President Kerry would be bad for world trade

This op-ed originally appeared in the Financial Times.

John Kerry has said that as president he would work closely with allies and bring greater prosperity to the US and the world.

However, Mr Kerry’s campaign statements on trade and offshore outsourcing contradict this. Simply put, his campaign rhetoric bodes ill for enhancing international economic co-operation and liberalising global trade in goods and services.

When Mr Kerry famously branded US companies that do business outside America’s borders as traitors headed by “Benedict Arnold CEOs”, many Europeans probably dismissed the comments as pure politics. After winning the nomination Mr Kerry encouraged such thinking. He attributed the comments to “over-zealous speechwriters”, saying, in a Wall Street Journal interview: “Benedict Arnold does not refer to somebody who in the normal course of business is going to go overseas and take jobs overseas. That happens. I support that.”

But in his acceptance speech at the Democratic convention, Mr Kerry seemed to have gone full circle on trade, declaring: “We’re told that outsourcing jobs is good for America. What does it mean in America today when Dave McCune, a steel worker that I met in Canton, Ohio, saw his job sent overseas and the equipment in his factory literally unbolted, crated up, and shipped thousands of miles away along with that job? What does it mean when workers I’ve met had to train their foreign replacements?”

Mr Kerry’s most detailed proposal on trade and outsourcing is to change the tax treatment of money earned abroad by US multinational companies.

Currently, income earned abroad is generally taxed when repatriated to the US, even though most countries do not tax such earnings at all. Under Mr Kerry’s proposal there will be no change in tax treatment, for example, if Caterpillar builds tractors in Bulgaria and sells those vehicles there. However, if Caterpillar’s Bulgarian factory exported those goods, those earnings would be taxed in America in that tax year. The non-partisan Institute for International Economics concluded: “Our analysis indicates that the proposed reforms would do more to benefit foreign-based (multinational companies) than to prompt US-based companies to relocate operations in the United States.”

Technology, economic logic and ris ing education levels in developing countries indicate offshore outsourcing will increase in coming years. Out -sourcing information technology globally enables a US company to operate 24 hours a day to serve a worldwide customer base, something wage rates and work practices make prohibitively expensive with US-based employees alone. However, if he is elected, Mr Kerry may be forced by supporters and his past statements into taking more protectionist measures. One might be to block liberalisation of global trade by insisting on the inclusion of western labour and environmental standards – a goal stated plainly on his website.
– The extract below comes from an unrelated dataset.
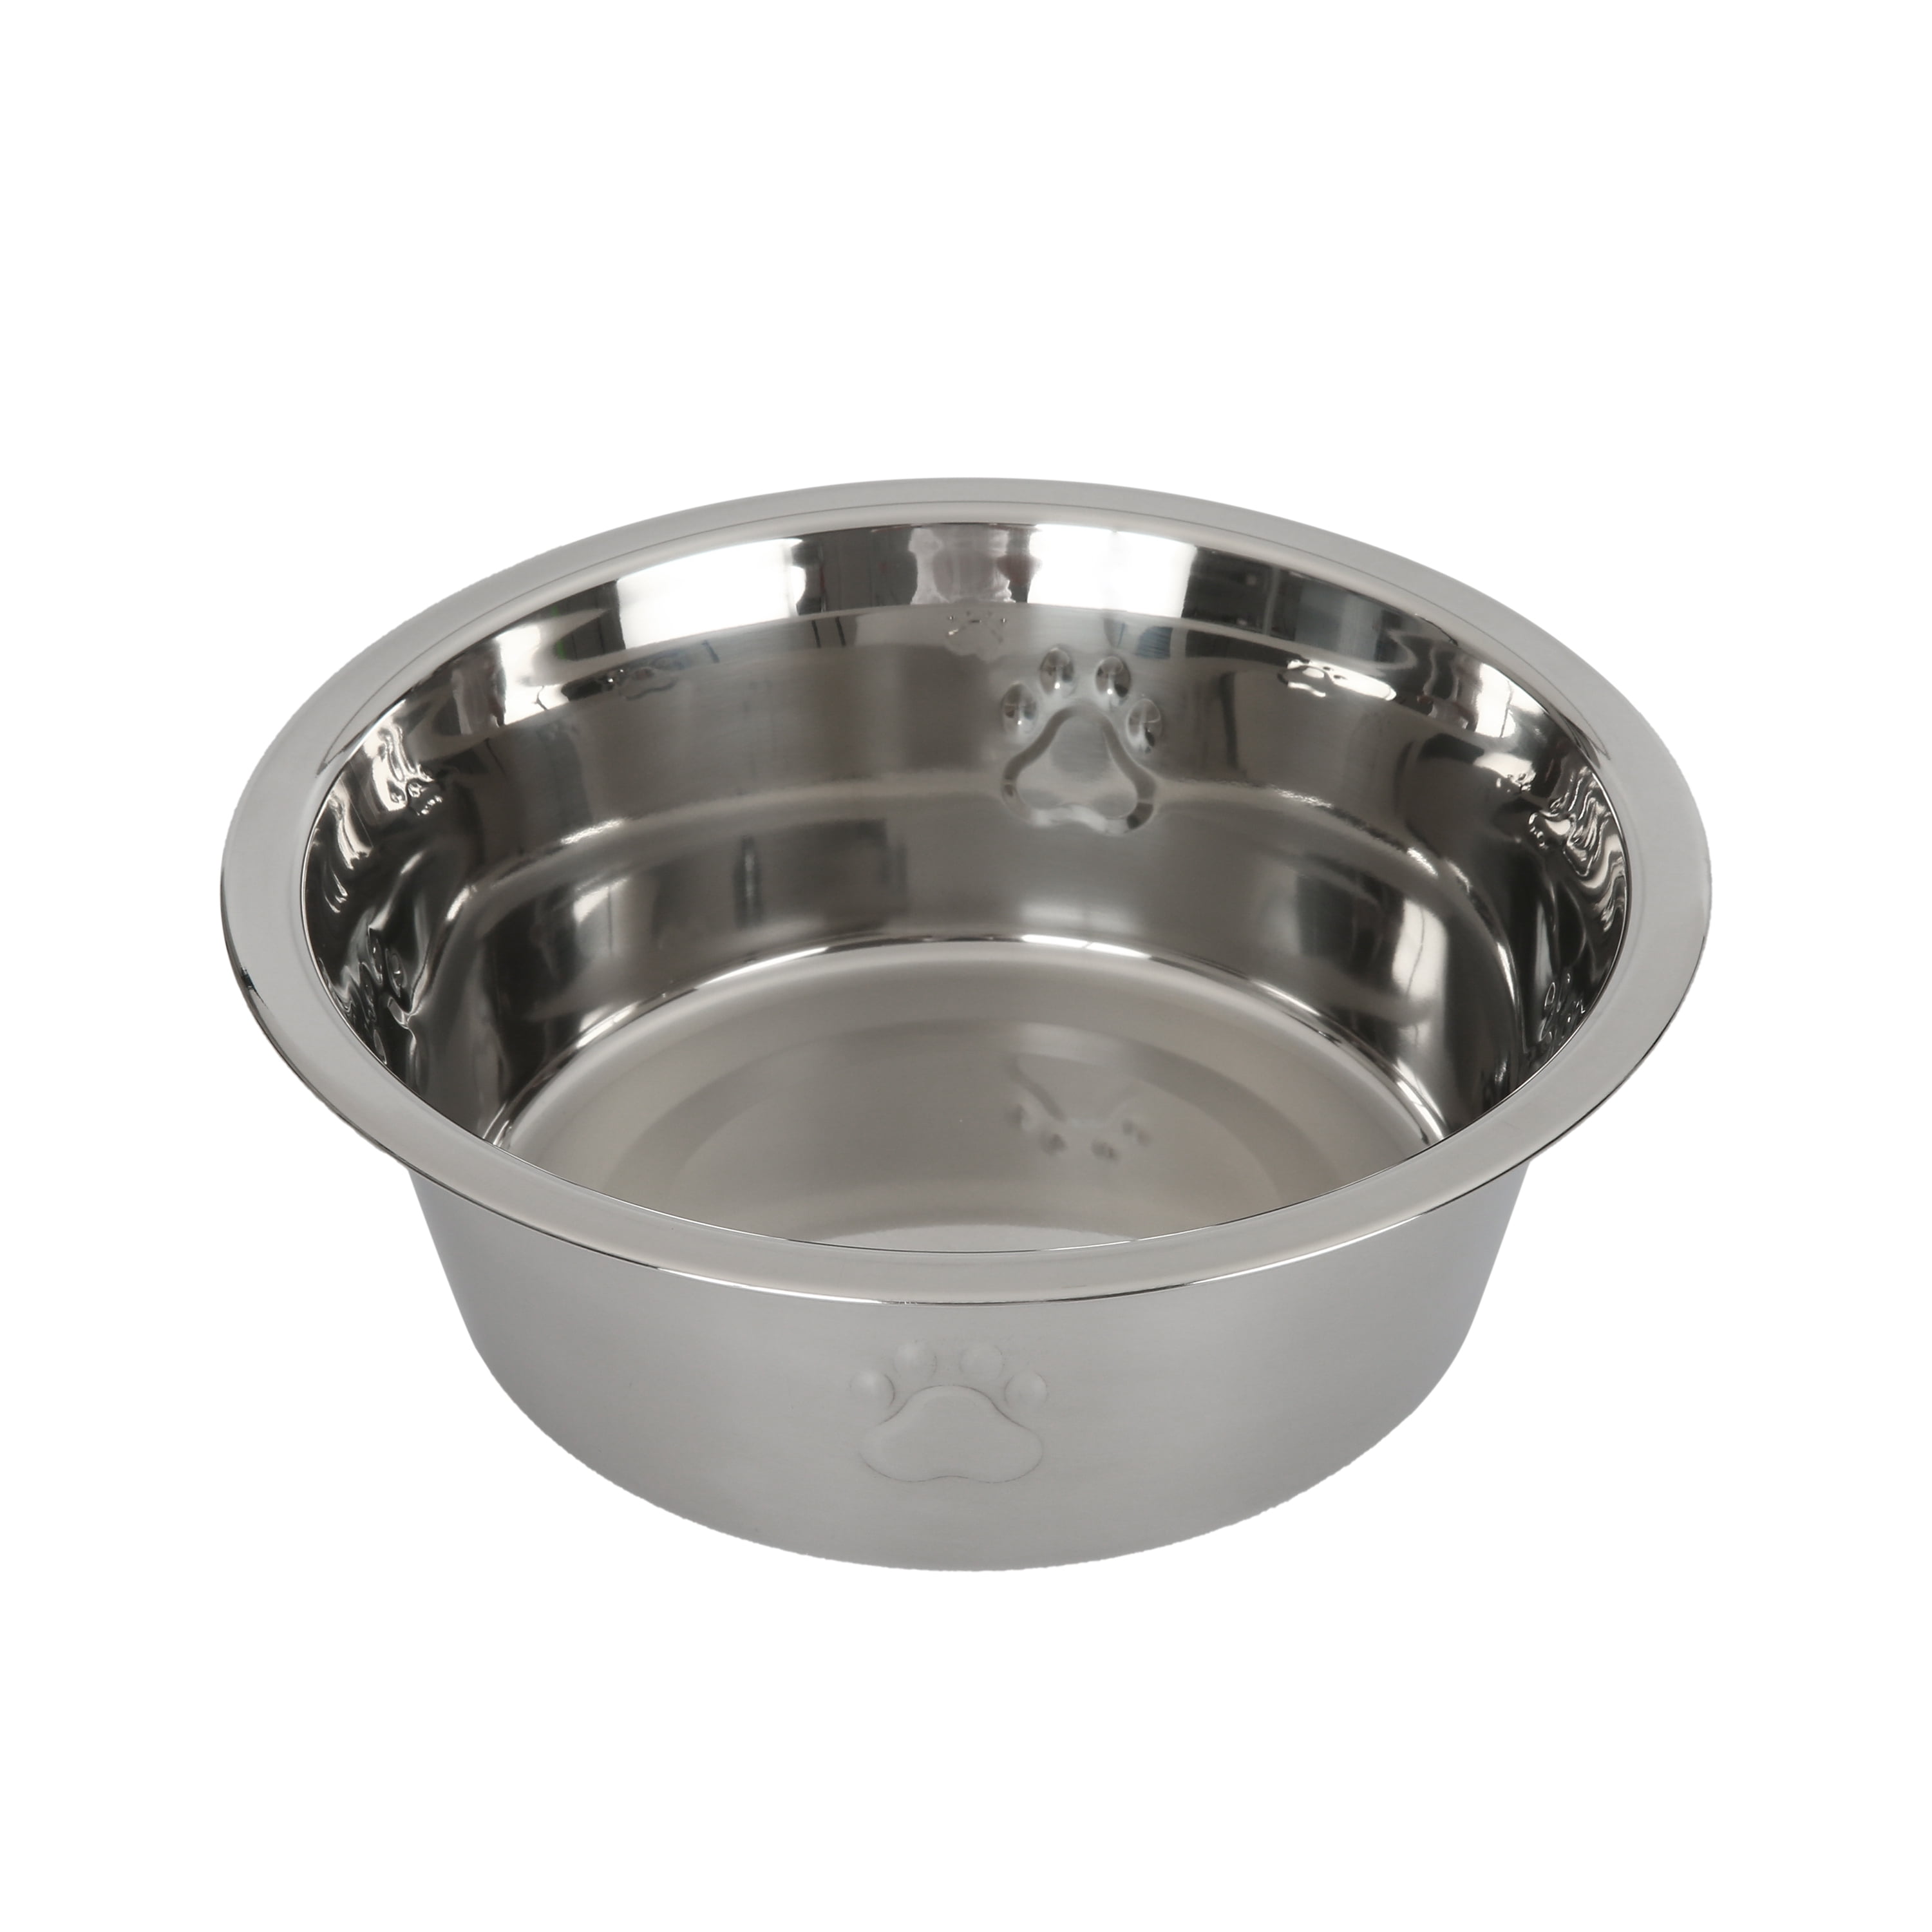 Vibrant Life Stainless Steel Paw Print Dog Bowl, Medium
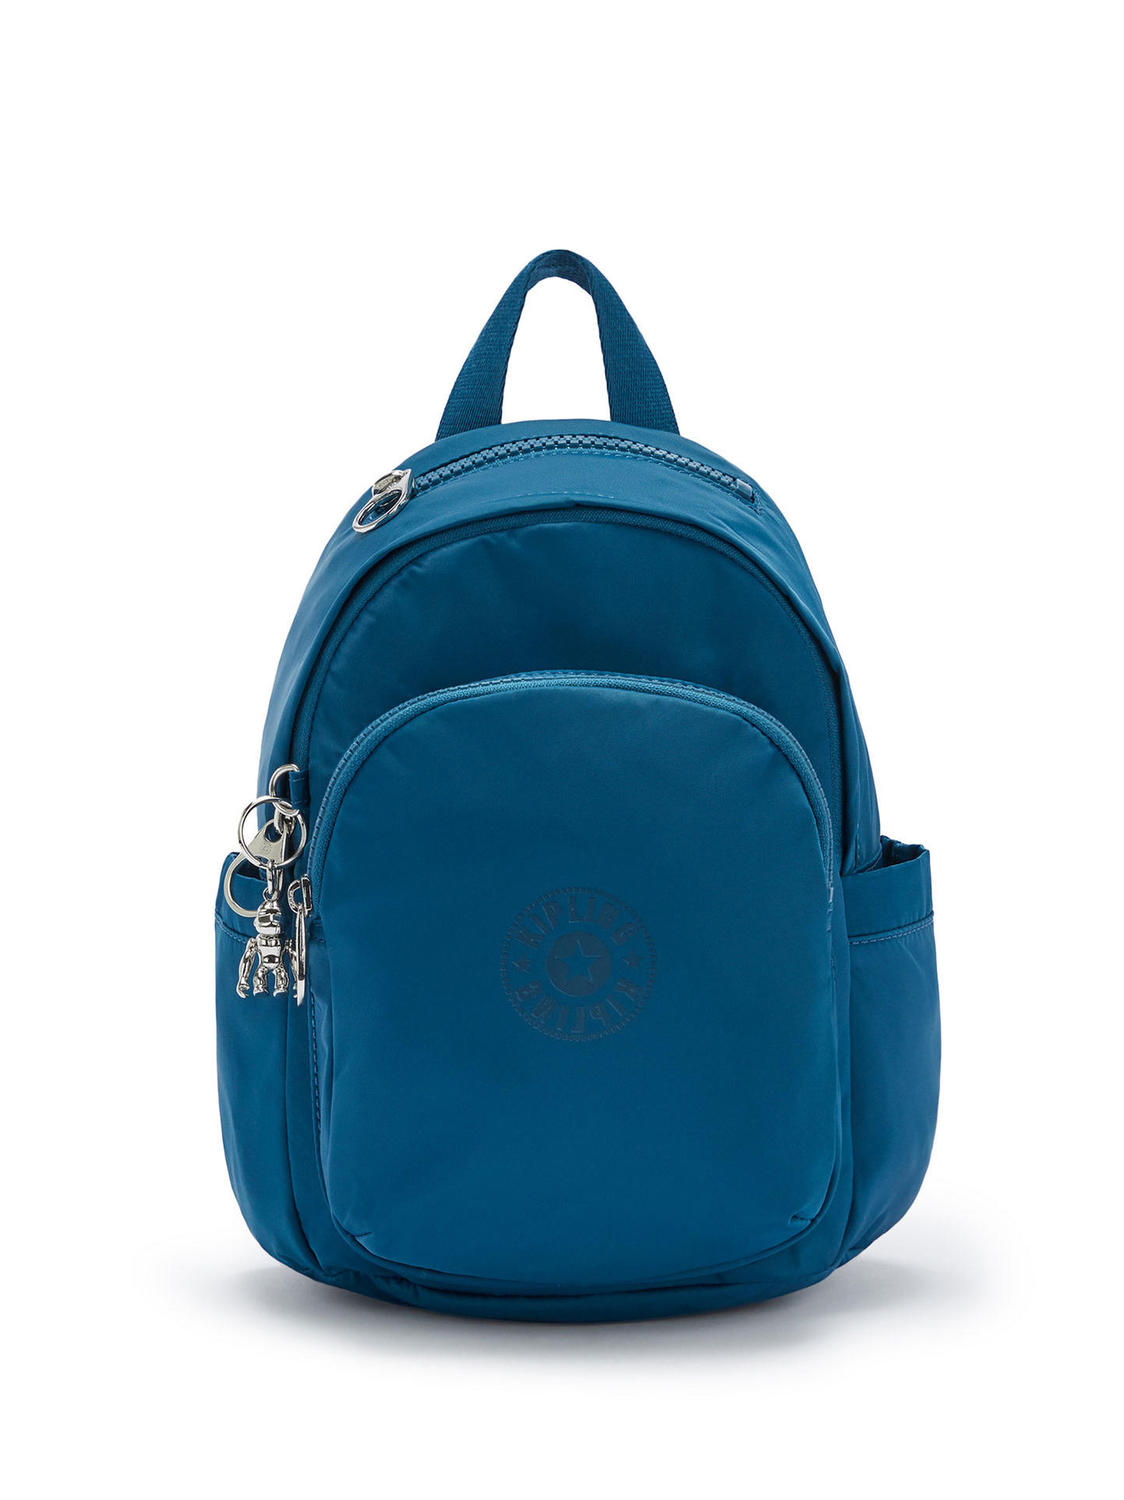 Mochila Kipling azul Mini Backpack BARATA, Bolsos Baratos Online

If those pledges are adhered to in the way US trades unions expect, it is difficult to believe significant multilateral trade agreements with the developing world will occur during a Kerry administration.

Europeans might also have to look out for any attempt to steer the US into more trade disputes at the World Trade Organisation. A recent Kerry campaign document stated: “While the Bush administration has filed only 12 cases, our trading partners have brought 32 cases against the US.”

While it is easy to dismiss pre-election statements, people forget it was the 2000 presidential campaign that led to the much-criticised steel tariffs. Expecting a close 2000 election, George W. Bush saw an opportunity to lure Democratic West Virginia into the Republican column by vowing to be tougher than Bill Clinton on steel. Once elected and faced with a choice between action to “stand up” for steel, as the slogan promised, or opposition to new tariffs, Mr Bush retained his campaign stance. Politicians prefer to keep their promises.

Mr Kerry has said US allies in Europe and elsewhere will welcome his election. It might be a good time for those allies to tell him that trade policy is a vital part of a nation’s foreign policy and that, so far, they do not like what they are hearing.

Cesar Conda, former assistant for domestic policy under vice-president Dick Cheney, is a Senior Fellow at FreedomWorks and a principal of Navigators, a public affairs consultancy, and an advisory board member of the National Foundation for American Policy, a non-profit, non-partisan research group. Stuart Anderson is executive director of NFAP.